CONTAINS SPOILERS AND AN AIR OF GENERAL POINTLESSNESS
Yet another in the long, long line - a line that doesn't look like it's ending any time soon - of desperate rehashes of past hits by people who don't understand what made the original a hit in the first place, and miss the whole point of the original as a result. Rob Zombie's Halloween is only vaguely interesting when restaging scenes from John Carpenter's generally bloodless original; Marcus Nispel's version of The Texas Chain Saw Massacre has a filtered sheen at odds with the deranged, nightmarish action that the ragged look of Hooper's film captured, and Nispel's botched stab at Friday the 13th presented us with such a gallery of unlikeable machete fodder that the viewer was on Jason's side more or less from the start. In fact, they've just about run out of classic films to redo, and are working through the list of second-rate titles: why else do we need My Bloody Valentine, Prom Night and Sorority Row? And we've still got a remake of the despicable I Spit On Your Grave, of all things, to look forward to, reimagining gang rape and castration for the multiplex generation.

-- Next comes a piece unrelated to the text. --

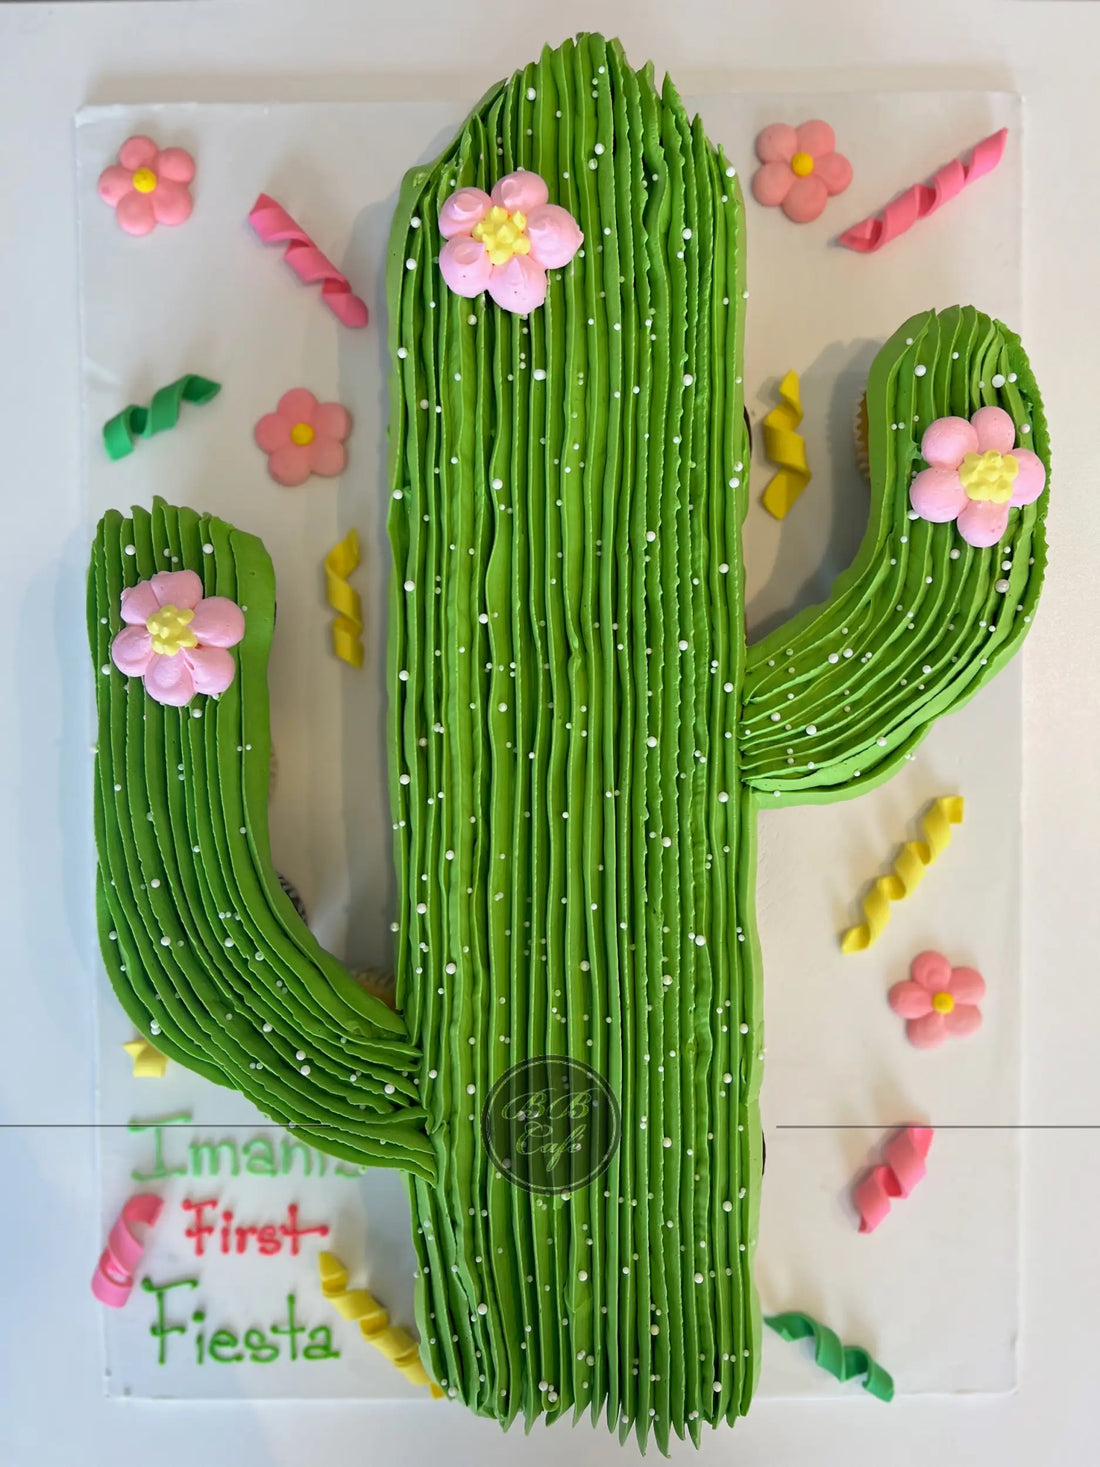 Pull - apart cactus cupcake

This week, though, we've got a shiny new version of A Nightmare On Elm Street, which fails not just as a telling of the Elm Street story but pretty well blows it as a horror film. Despite sticking fairly close to the original spine - Freddy kills the children of those who burned him to death in an act of vigilante justice, by stalking their dreams - and having a genuinely loathsome bogeyman in Jackie Earle Haley, it isn't even slightly scary and only by using the cheap horror tactics of crash-cut editing and having loud noises boom out of the soundtrack is it capable of making you jump. That isn't enough.
This version toys with two potentially interesting ideas but muffs both of them. The first is to run with the suggestion that Freddy Kruger was actually an innocent man who didn't do anything to the kids - but then ditches that and makes him a fully fledged paedophile rather than (just) the (mere) child murderer of Wes Craven's original. The second is to kill off the two people we've been led to believe would be the survivors (the glamourous blonde and the tough guy) - but this leaves a pair of secondary characters, a mousy brunette and a mumbling slacker, as our new leads and they're just not up to the task.
The other problem is that it wants to be a straight horror movie but it also wants to pay homage to the Craven original. So they have to restage the key moments such as the heroine in the bath with Freddy's glove coming out of the water between her knees, but the scene has been shoehorned in where it doesn't belong - at this point she deliberately goes to sleep despite knowing what could happen. They have the stretchy wall effect where the shape of Freddy looms out of the bedroom wall over the girl's bed - but why? They briefly incorporate the Charles Bernstein theme right at the start (over the studio logos), and the "one-two" nursey rhyme, but the rest of the music score is the usual ambient sound design with solo vocal wailing and thudding rock songs.
And at the end you come out of it wondering why they bothered. It's not as if they ever had a hope of topping the original (and if they didn't want to be compared to it, maybe they should have made something of their own) and they haven't actually come up with something interesting on its own terms. It's just another disposable, pointless horror movie that can only really work for people who've never seen the Wes Craven film. Largely missable.